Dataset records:
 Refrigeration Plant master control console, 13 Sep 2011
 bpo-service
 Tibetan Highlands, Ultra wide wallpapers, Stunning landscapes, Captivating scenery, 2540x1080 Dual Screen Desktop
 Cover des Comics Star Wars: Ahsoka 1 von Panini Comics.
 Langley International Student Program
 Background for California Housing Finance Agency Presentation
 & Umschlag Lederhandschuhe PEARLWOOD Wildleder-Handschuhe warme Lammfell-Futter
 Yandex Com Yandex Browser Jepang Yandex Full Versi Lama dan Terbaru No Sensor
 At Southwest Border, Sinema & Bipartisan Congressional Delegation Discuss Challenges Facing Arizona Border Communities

## EXERCISE REQUIREMENTS
Copy exactly the stretch of data above from the line with "Tibetan Highlands, Ultra" through the line with "Wildleder-Handschuhe warme Lammfell-Futter", and omit all other lines.

## OUTPUT OF THE EXERCISE
 Tibetan Highlands, Ultra wide wallpapers, Stunning landscapes, Captivating scenery, 2540x1080 Dual Screen Desktop
 Cover des Comics Star Wars: Ahsoka 1 von Panini Comics.
 Langley International Student Program
 Background for California Housing Finance Agency Presentation
 & Umschlag Lederhandschuhe PEARLWOOD Wildleder-Handschuhe warme Lammfell-Futter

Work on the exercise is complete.